Secondo MutuiSupermarket.it, un mutuo a tasso fisso costa in media lo 0,3% in meno rispetto al variabile per l’acquisto di una casa in classe energetica bassa (es. classe G). La forbice si allarga allo 0,8% per i mutui green.
Quando potrebbe tornare competitivo il variabile
Per ora, dunque, il variabile è poco competitivo. Ma la situazione potrebbe essere transitoria.
Già da maggio si attende un aggiornamento degli indici medi usati nei calcoli delle banche. «Se le condizioni attuali persistono, potremmo iniziare a vedere mutui a tasso variabile con tassi finiti intorno al 2,70%», stima Bertolino.
Si tratterebbe di livelli molto simili a quelli dei fissi, con differenze minime. Il vero punto di svolta, però, potrebbe arrivare tra giugno e luglio, dopo i tagli del costo del denaro attesi dalla BCE.
«Con il taglio dei tassi l’Euribor dovrebbe scendere ulteriormente, rendendo il variabile più interessante anche a parità di spread», prevede Bertolino. «A quel punto, anche se le banche non dovessero abbassare drasticamente gli spread, il vantaggio del variabile diventerebbe reale e non solo potenziale».
Un’opzione per chi guarda alla rata iniziale
In questo contesto, il mutuo a tasso variabile potrebbe tornare a essere una scelta razionale per chi cerca una rata iniziale più contenuta, soprattutto nel breve-medio periodo.
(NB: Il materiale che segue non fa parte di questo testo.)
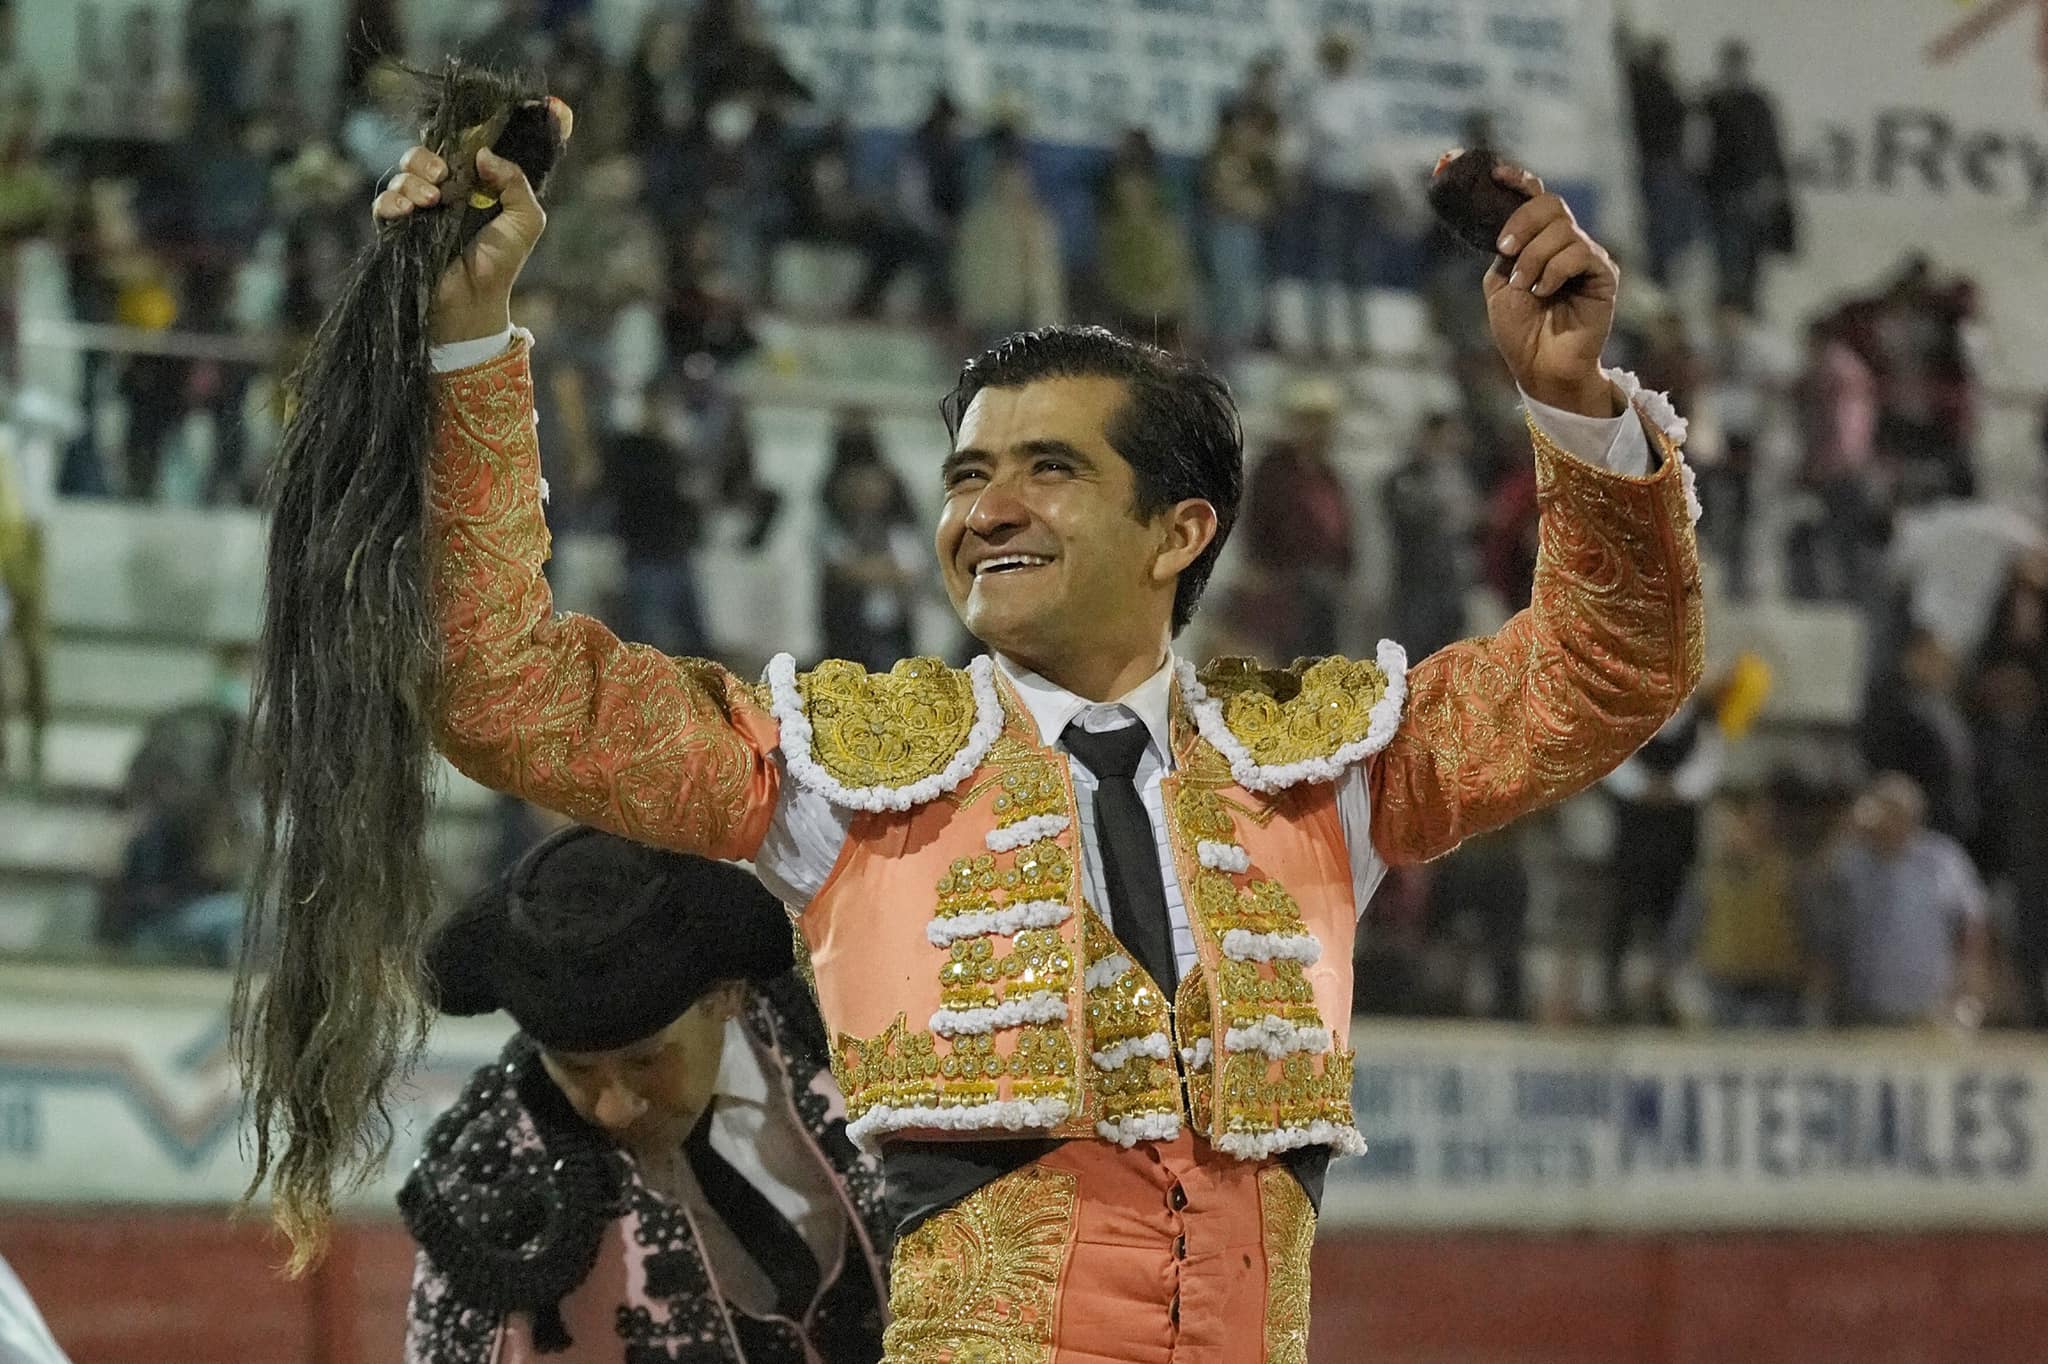 Joselito Adame por Daniel Luque en Cuenca

«Molti acquirenti sono molto sensibili alla rata iniziale: i primi anni sono spesso i più difficili, specie per chi compra la prima casa e ha molte altre spese da sostenere», spiega Bertolino. «Un variabile ben calibrato può dare respiro nei primi anni. E poi, con il calo dei tassi, si può sempre valutare una surroga o una rinegoziazione verso un fisso più basso».
L’incognita geopolitica: la guerra dei dazi
Un elemento che potrebbe interferire con questo quadro è l’evoluzione del contesto macroeconomico, in particolare la guerra dei dazi promossa dagli Stati Uniti.
Le tariffe annunciate (e poi sospese) dal presidente Trump hanno già influenzato le aspettative di mercato. Più che all’inflazione – che colpirebbe più gli USA che l’Europa – il timore è che il protezionismo possa strozzare la crescita economica e avere un effetto recessivo.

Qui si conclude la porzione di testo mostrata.